The thing I repeat most often is: at least it's not C++. Rust is the best systems programming language I've found. There's no language that's perfect for every usecase and ideally, I'd love to learn Haskell for prototyping, but it's more academic than practical.
@KaczuH wow interesting take! My personal experience is that I LOVE refactoring rust code! Basically just change what you need to change and follow the to-do list returned by the compiler, knowing nothing will probably be forgotten. It's such a powerful thing that I now dread any big refactoring in other codebases, even Typescript.
@KaczuH to be clear that probably the only point over which I think otherwise than the article. It's definitely a slower coding and iteration experience, that's the tradeoff of the robustness and correctness.
I know what they mean. It may not be enormous, functionality-wise, but just the Iterator trait alone feels enormous when you're trying to figure out which method does what you want.
I think it's indicative of a need for more work put into making the UI teach people how to search by function signature.
As someone who is a big fan of shipping fast and shipping often :tm: this article is both really great and also cemented why I’ll never like rust. It’s a neat tool, just not for me
Seriously what’s up with lemmy and taking the most disingenuous interpretation of someone’s words
The article literally covered how rust is terrible for iteration and refactoring. Which are corner stones to building software in a small business. Which is where I’ve worked for the last six years. Which is also my personal favorite way to write code.

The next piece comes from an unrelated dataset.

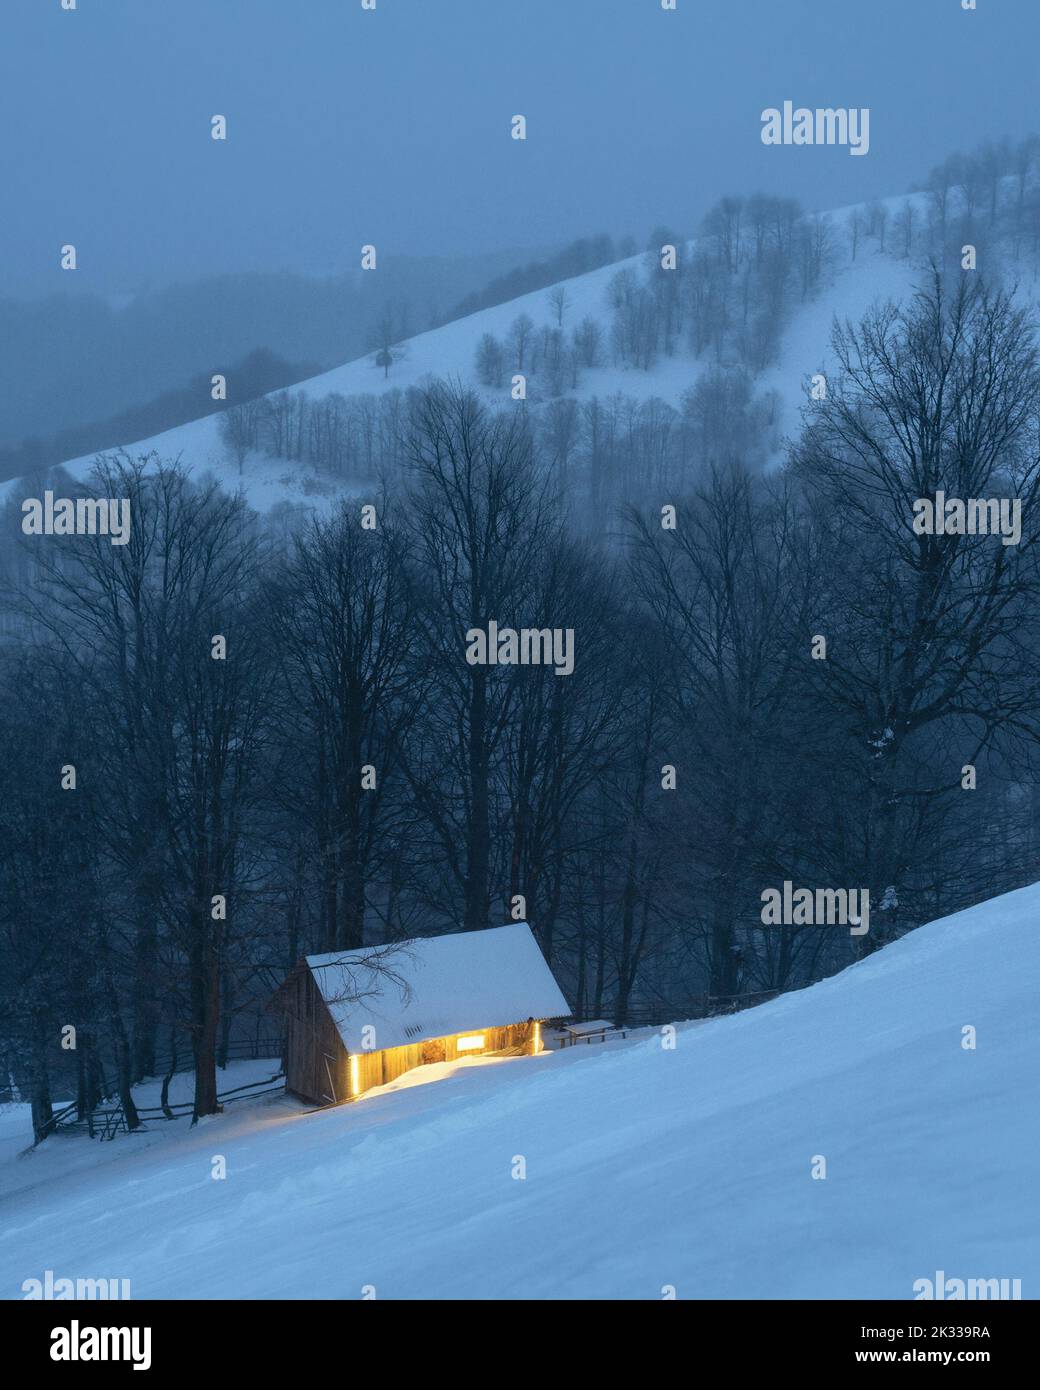 Evening twilight view of a lonely cabin in a snowy mountain forest in winter Stock Photo

Y’all don’t have to start a damn argument every time someone disagrees with you
I think that's normal for statically typed languages. You prototype and move quickly in dynamically typed language, then you can stabilize in a statically typed language.
You can still ship quickly and often in rust, it just depends on what you're doing and of course who's writing the code. I mean, look at the guys that made MakePad. It's still a startup and they have made something quite impressive in Rust. Watch their presentation from this year.